Directed Palladium Catalyzed Acetoxylation of Indolines and Enantioselective Total Synthesis of (–)-Voacinol and (–)-Voacandimine C

I. Directed Palladium Catalyzed Acetoxylation of Indolines. Total Synthesis of N-Benzoylcylindrocarine We describe a palladium catalyzed C7-acetoxylation of indolines with a range of amide directing groups. While a variety of substituents are tolerated on the indoline-core and the N1-acyl group, the acetoxylation is most sensitive to the C2- and C6-indoline substituents. The practicality of this indoline C7-acetoxylation is demonstrated using a cinnamamide substrate on mmol-scale. Several N1-acyl groups, including those present in natural alkaloids, guide C7-acetoxylation of indoline substrates over a competitive C5-oxidation. The application of this chemistry allowed for the first synthesis of N-benzoylcylindrocarine by late-stage C17-acetoxylation of N-benzoylfendleridine. II. Total Synthesis of (–)-Voacinol and (–)-Voacandimine C We describe the first total synthesis of complex aspidosperma alkaloids (–)-voacinol and (–)-voacandmine C via a biogenetically inspired late-stage C7-methylenation strategy. We envisioned rapid access to these natural alkaloids from a common symmetrical precursor assembled by methylenation of a D-ring oxidized variant of the related natural product (–)-deoxoapodine. Chemoselective N9-oxidation of a pentacyclic deoxoapodine precursor enabled the synthesis of the corresponding hexacyclic C8-aminonitrile.
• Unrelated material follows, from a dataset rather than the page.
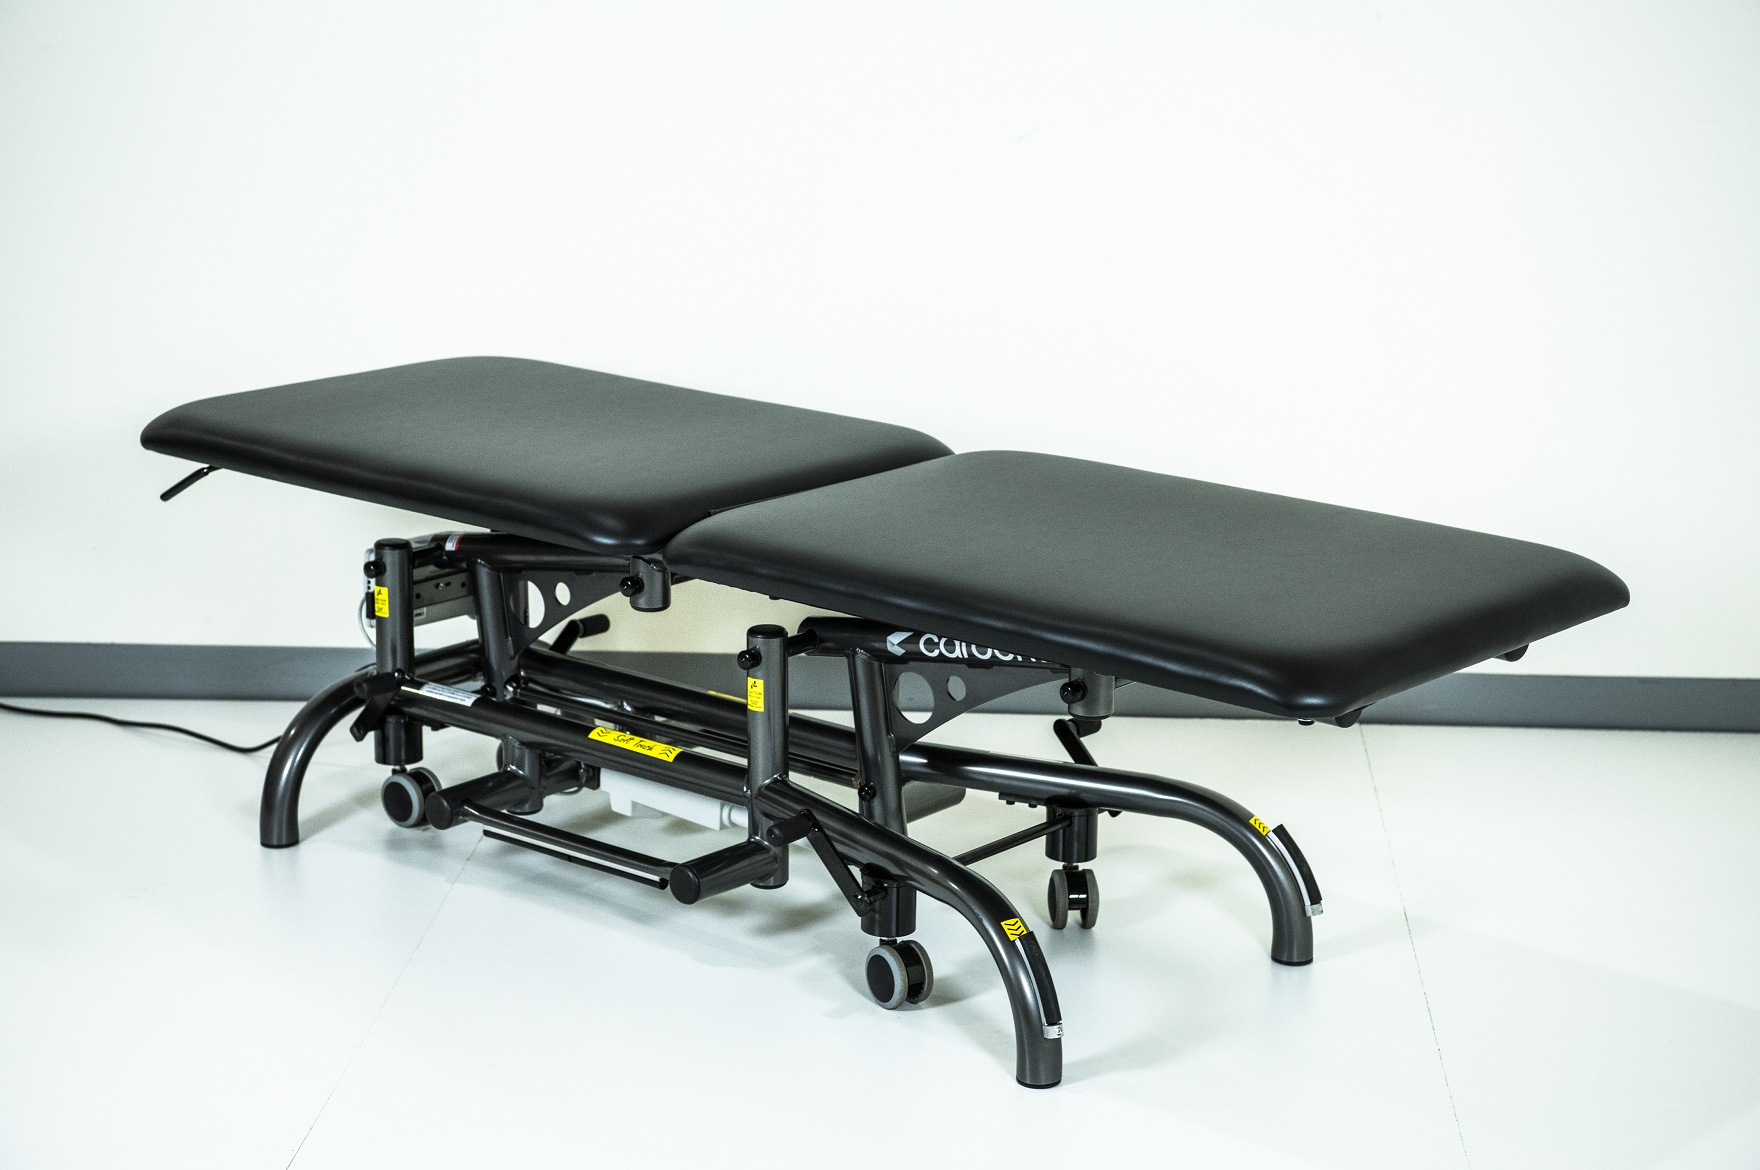 Cardon Treatment Table Ctt With Two Section Option Cardon Rehab Treatment Tables
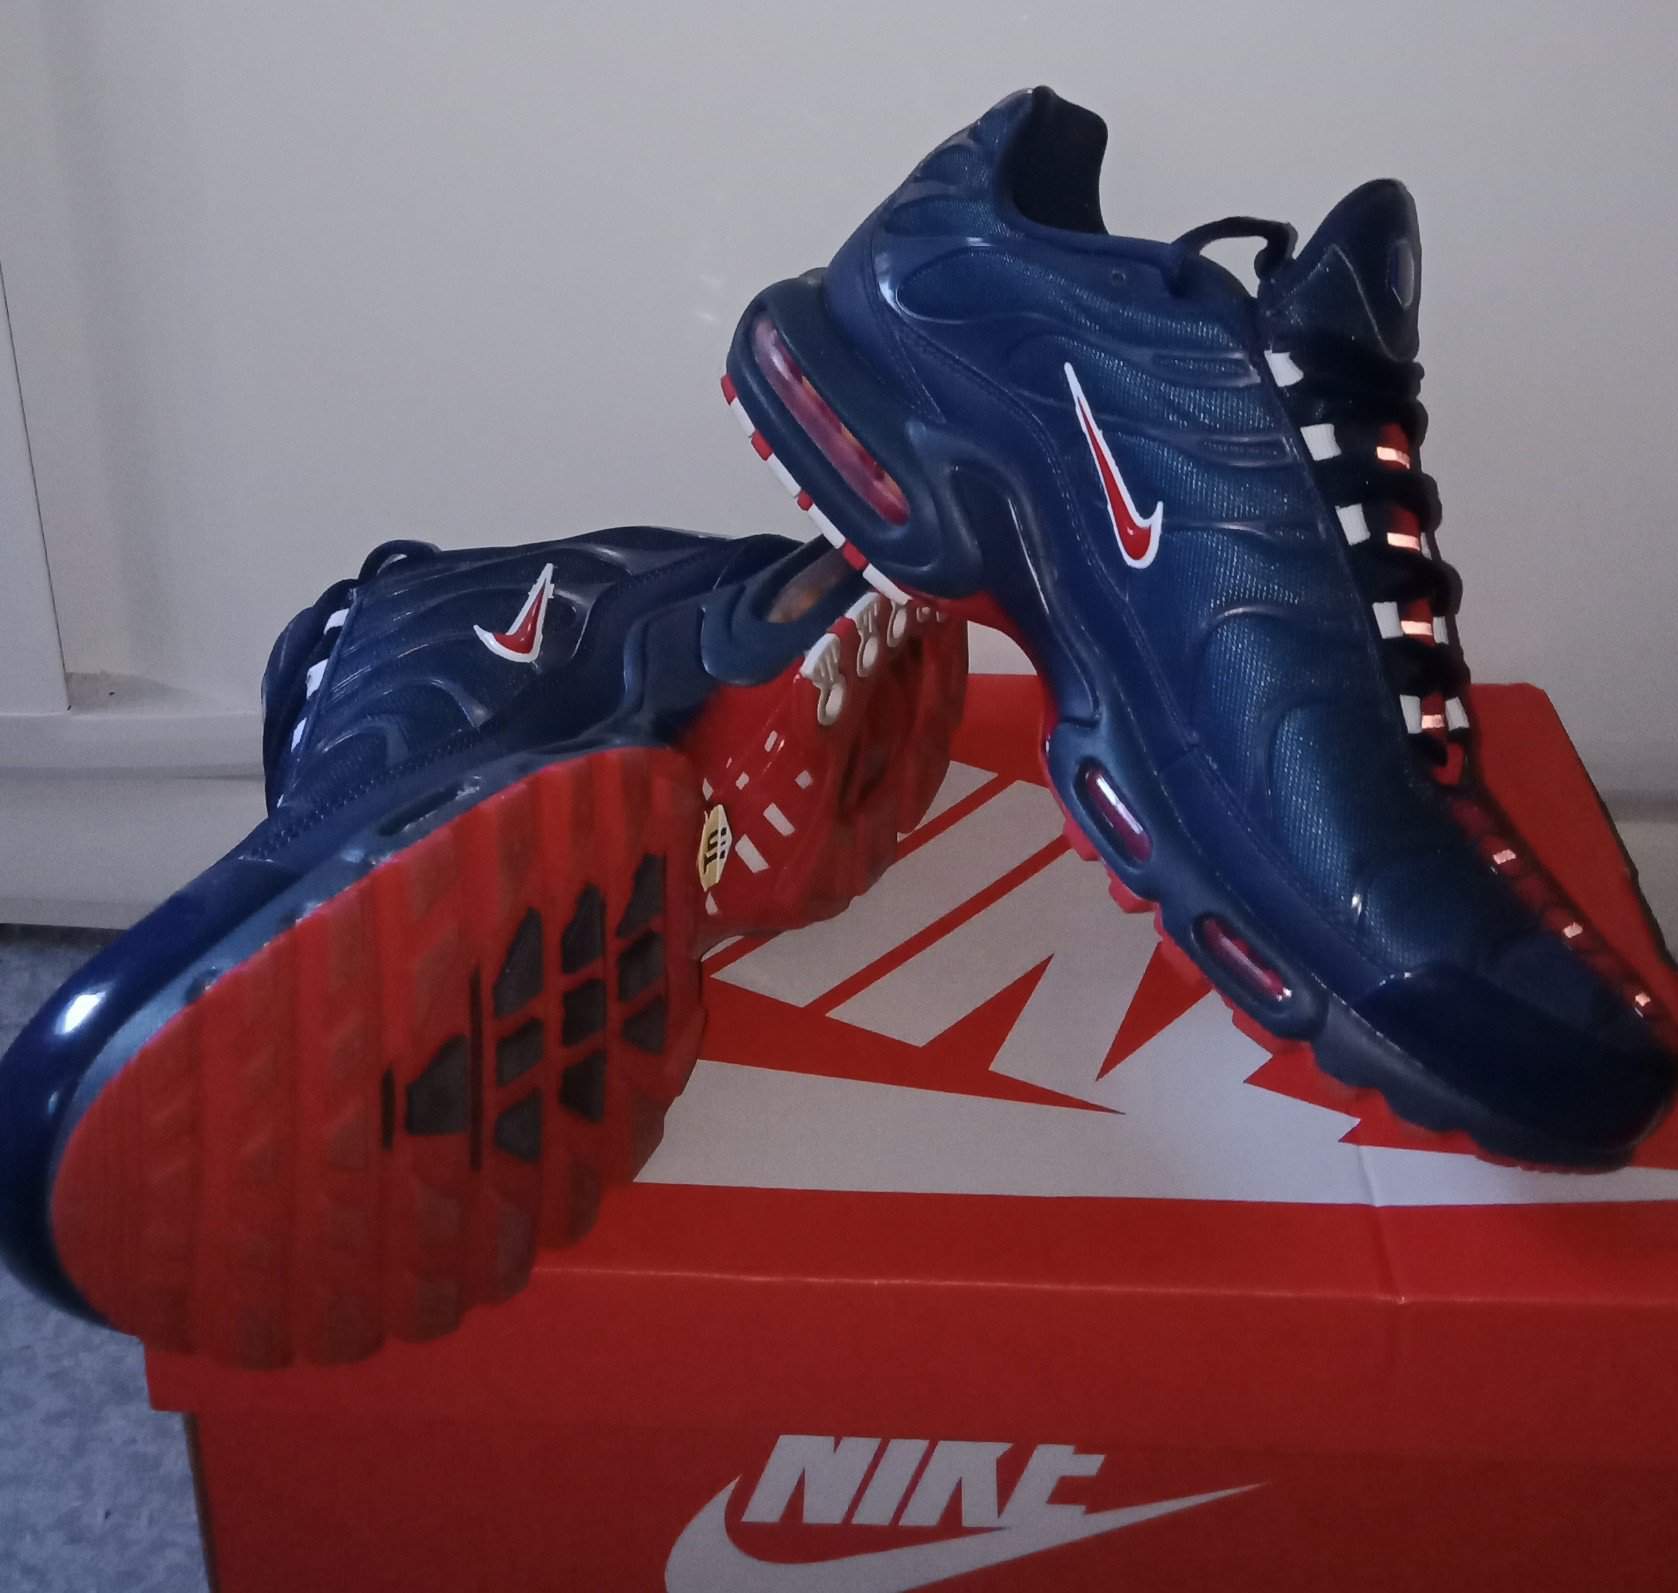 chant pretend Melodic Nike Air Max Plus TN Midnight-Blue/University-Red (French Derby) |  Sneakerheads Amino

Stereocontrolled methylenation of a C8-enamine derivative of deoxoapodine, accessed by ionization of the C8-aminonitrile, afforded a symmetrical dodecacyclic bis-aminonitrile. Final-stage biogenetically inspired controlled reductive opening of the oxolanes of this dodecacyclic intermediate provided a unified approach to (–)-voacinol and (–)-voacandmine C, while direct reduction of the same intermediate afforded structurally related (–)-methylenebisdeoxoapodine.